> Problem description:
From the first line of the data below through the line bearing "GraphicRiver Cool Modern", reproduce each line exactly; do not include pictures.

> Provided material:
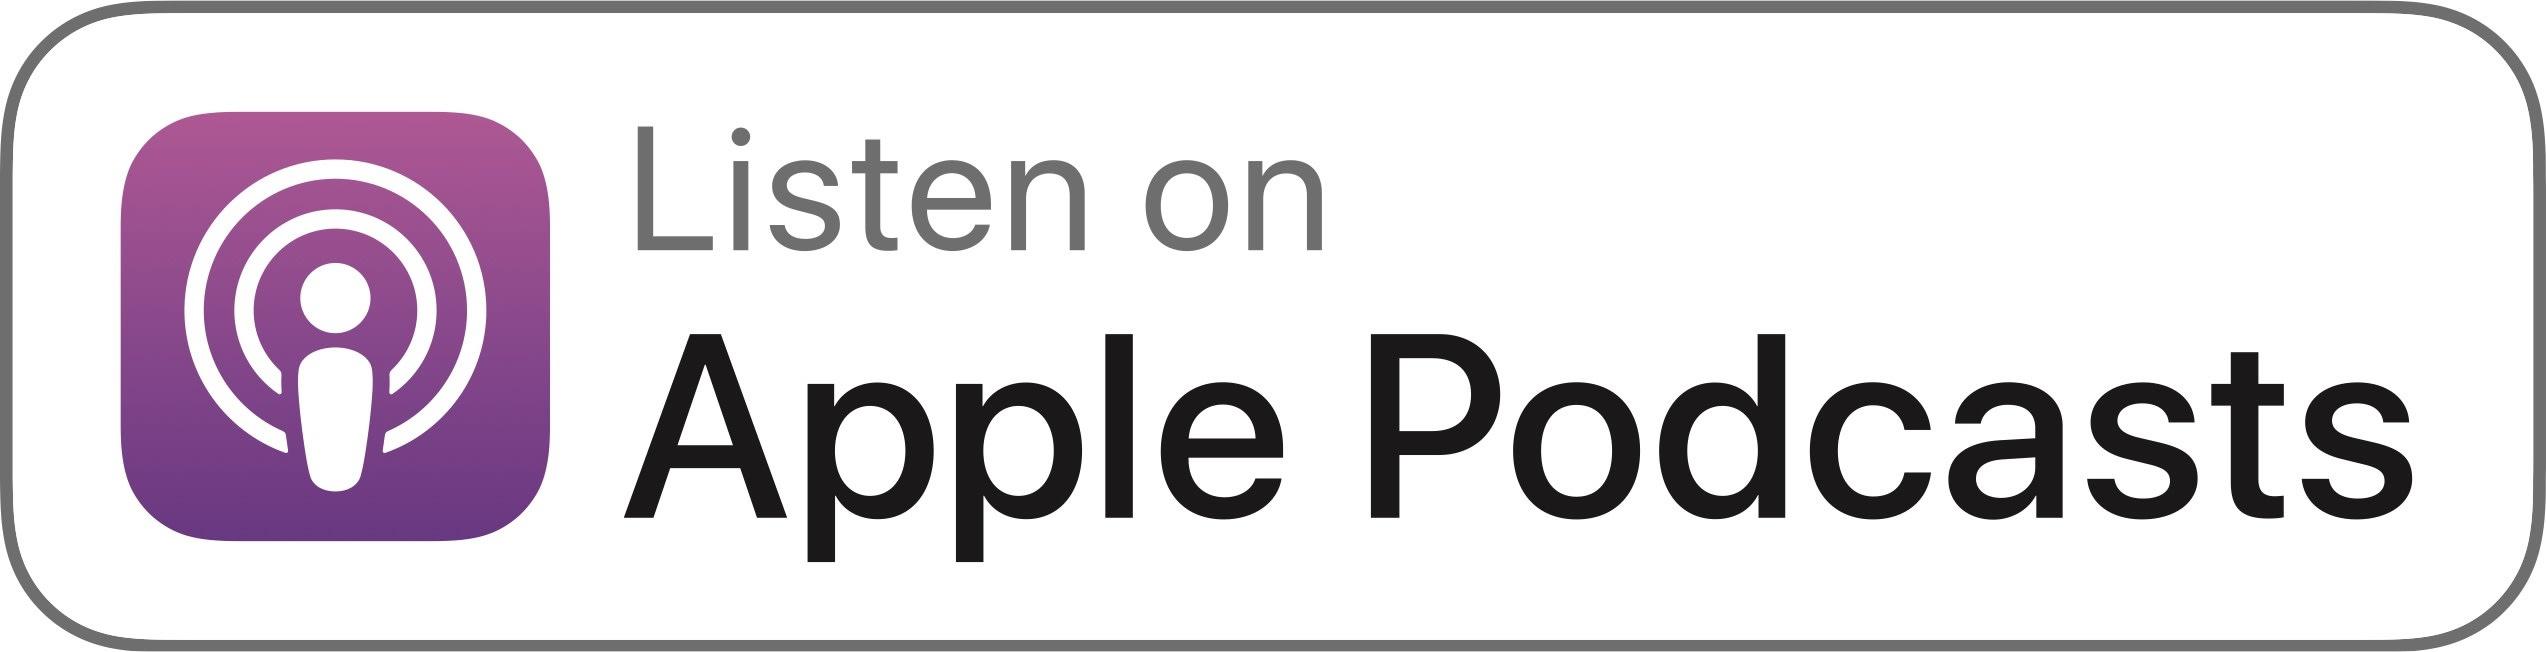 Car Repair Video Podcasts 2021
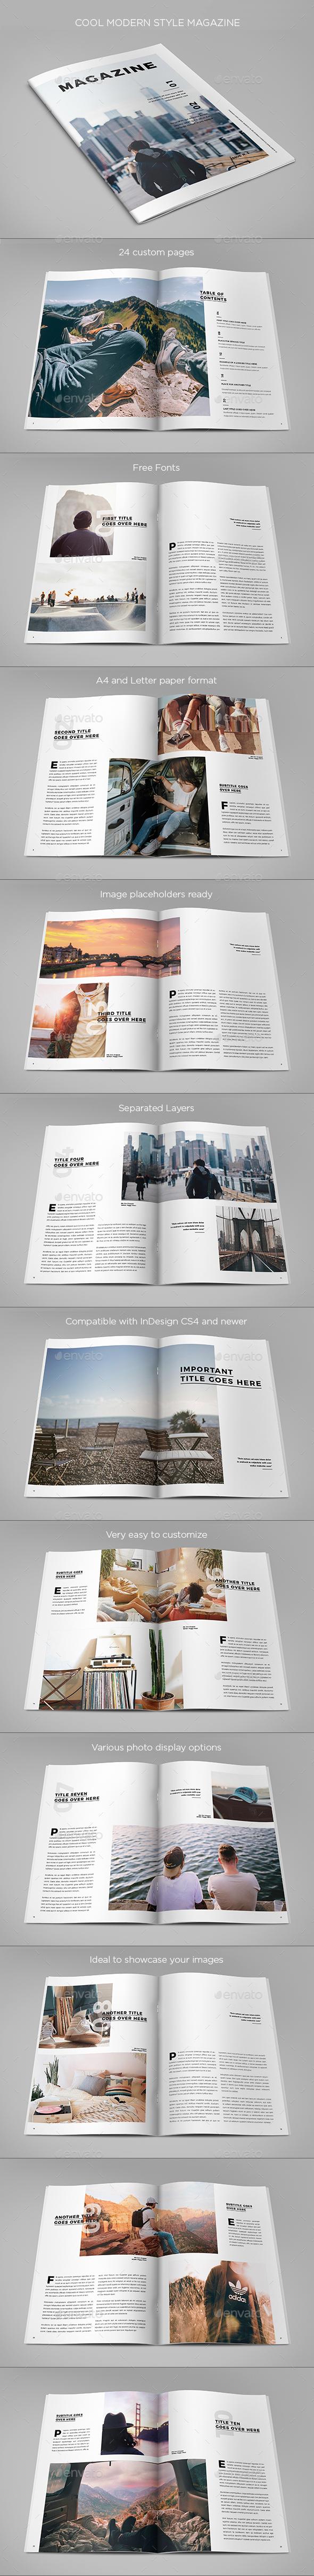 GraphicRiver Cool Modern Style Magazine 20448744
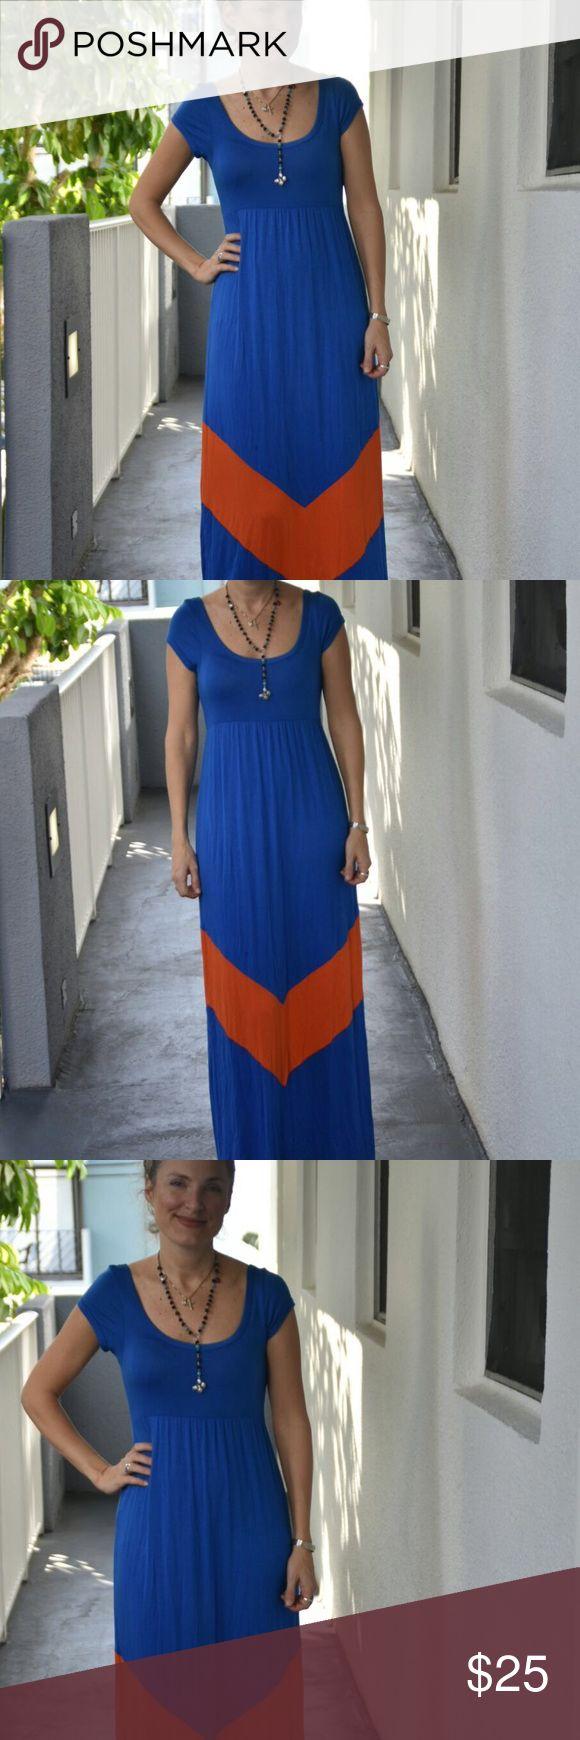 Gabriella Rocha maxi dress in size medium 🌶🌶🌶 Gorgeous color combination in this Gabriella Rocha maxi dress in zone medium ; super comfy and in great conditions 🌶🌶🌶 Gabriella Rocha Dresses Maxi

> Solved problem:
 Car Repair Video Podcasts 2021
 GraphicRiver Cool Modern Style Magazine 20448744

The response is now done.